Saigon: Don’t Kill the MessengerNovember 14th, 2012
By Gee King
The commercial success that once seemed imminent for Saigon is now a distant memory. Despite entering the game in 2004 with co-signs from Just Blaze, Jay-Z and Mark Wahlberg (who placed the then unknown MC on the HBO hit Entourage), his promising career was derailed by label politics and his own questionable exploits away from the mic. He braved the industry storm and finally released his debut, The Greatest Story Never Told, in 2011 to critical acclaim and humble sales. But despite finally finding his place in the hip hop landscape, the roughneck lyricist is not content with the state of the industry.
During an interview with Power 105’s The Breakfast Club, Saigiddy took some of his more well-known peers to task for misuse of their power and influence. He specifically targeted Rick Ross and 2 Chainz, arguably the two hottest rappers in the world right now, saying he wants to punch them in the face for making music that’s detrimental to the youth. “These companies market the music to children,” he exclaimed to DJ Envy and Charlemagne, citing concern for his own daughter. “I’m not tryna have to battle with my own kid because she’s influenced [by “All I want for my birthday is a big booty girl],” he said after suggesting that MCs market their music like pornography instead of peddling it to kids.
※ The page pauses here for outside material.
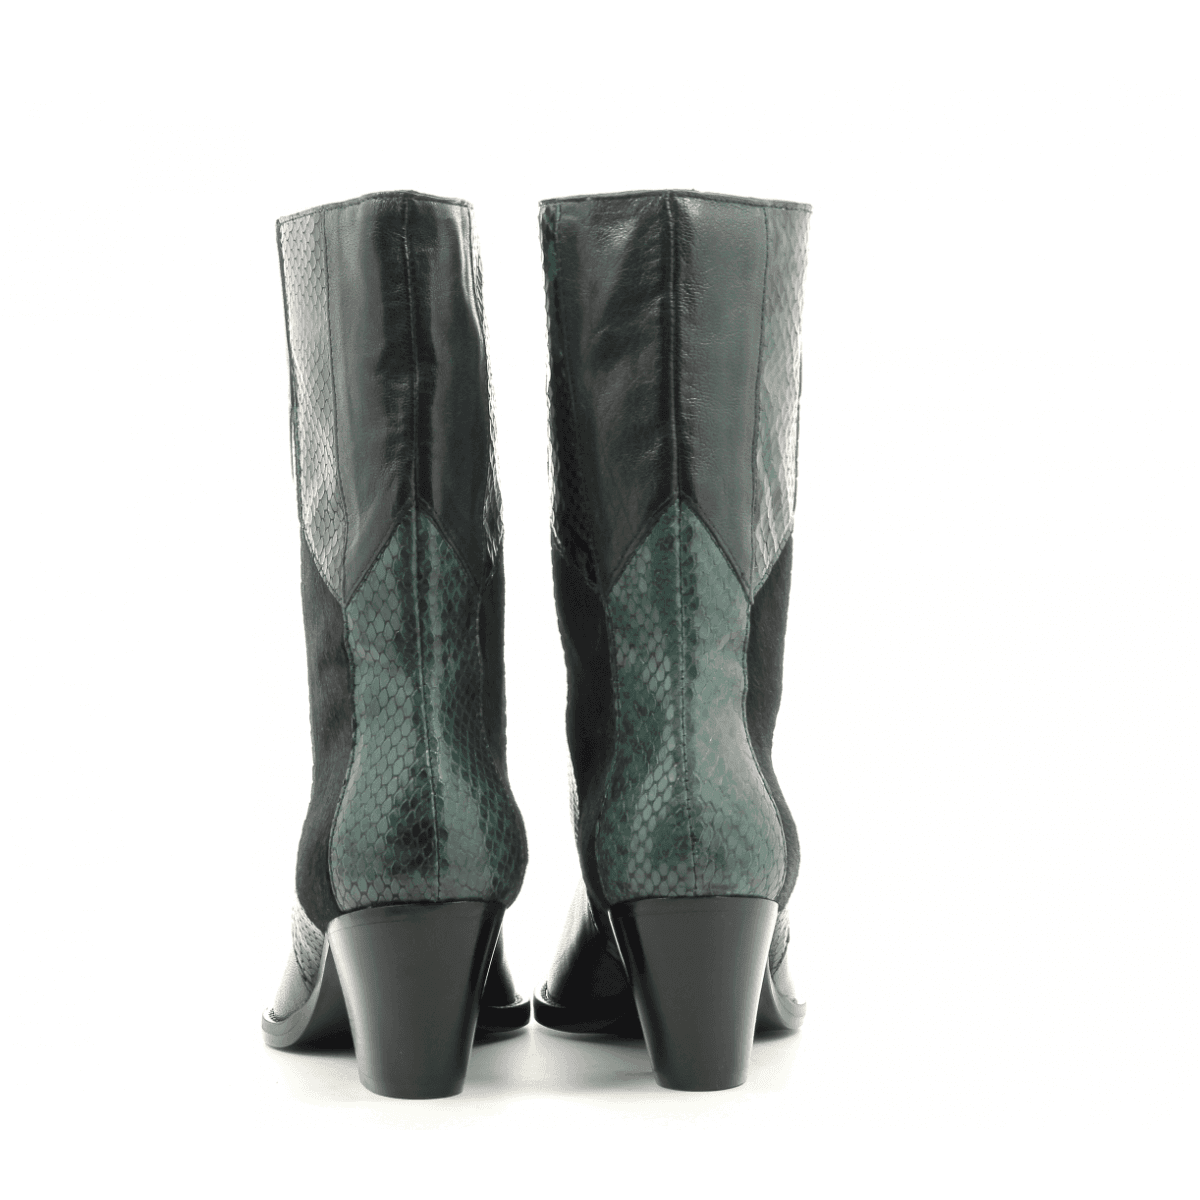 Bottines en patchwork de cuir vert Sélection Garrice  - AI19052V
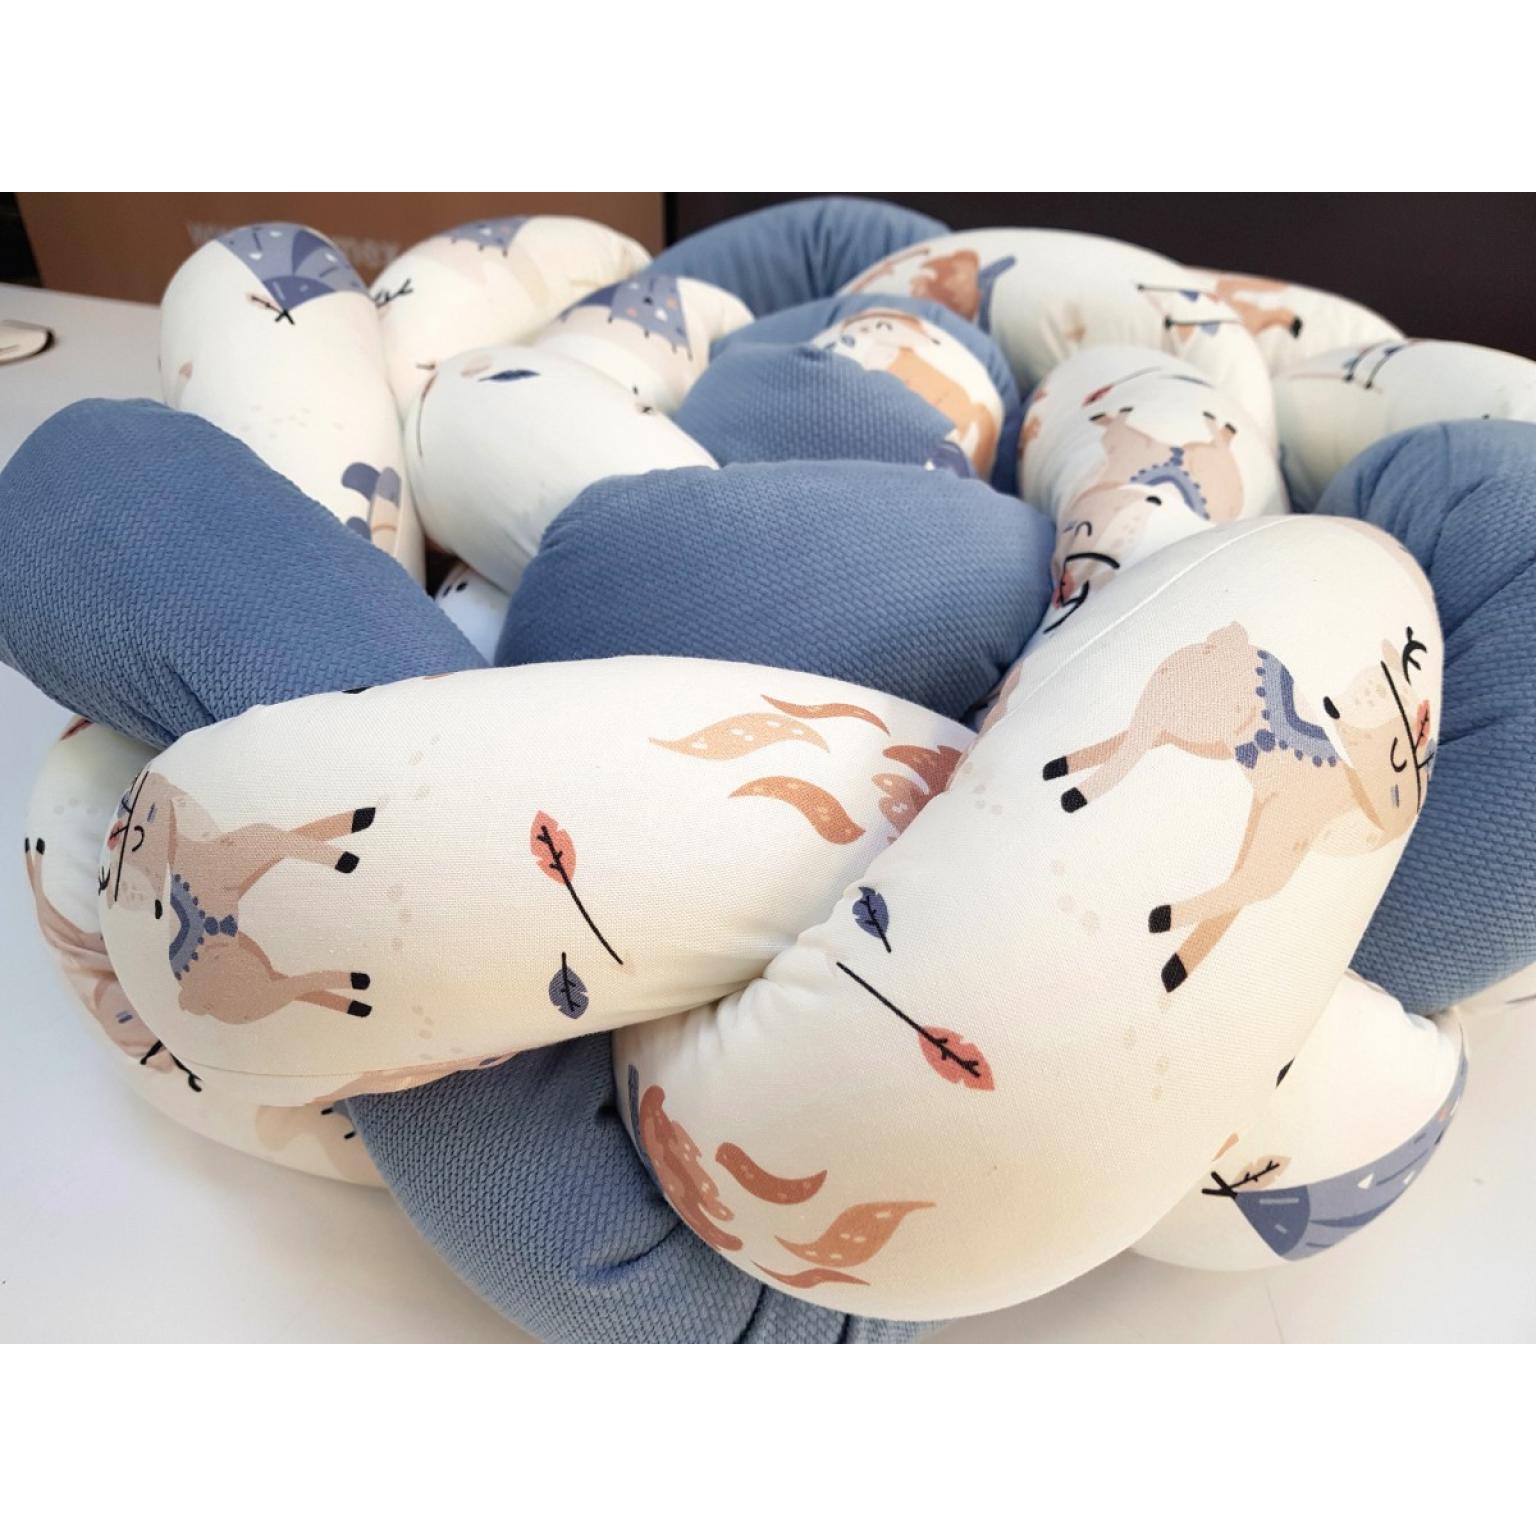 Pīta-gultas-apmale-bizīte-PUER-exclusive-Vigvam-blue-(2)

Bypassing all of the usual explanations for a frustrated MC running his mouth about peers who are more successful than him — he’s a hater, he just wants attention, it’s not like his music is rated PG — Saigon’s point deserves some thought. Whether an ex-convict with songs about murder, sex and greed is the perfect person to deliver this message is irrelevant in the larger scheme of things. We can grill the messenger all we want, that doesn’t make his message any less valid.
Saigon said it was a recent visit to 106 & Park that opened his eyes. He was shocked to see adolescent girls and boys shaking and singing along to songs about sex and violence, a reality that’s existed since hip hop’s mid-1990s heyday. How he missed it all these years is another matter, but his critique certainly holds more weight than outside critics like Bill O’Reilly or Bill Cosby. “For me to find progressive rap, I gotta go search high and low because it’s hidden,” he explained, voicing a complaint hip hop fans have had for over a decade. But as most of those fans have realized by now, the American corporate structure that mainstream hip hop is entangled in is the true culprit.
As frustrating as it is to see intelligent, charismatic artists like Ross and 2 Chainz hypnotize kids with toxic imagery, they are only pawns in a much larger game. As Saigon saw during his seven-year struggle with Atlantic Records over the release of his debut, the record industry’s only concern is making the highest profit possible and any MC that isn’t on the same page is quickly disposed. So, sure, it’s hilarious to picture Saigon punching Ross or 2 Chainz but it would be truly inspirational to see he, Ross and 2 Chainz use their brains to harness their collective powers and find a way to take control of the culture back.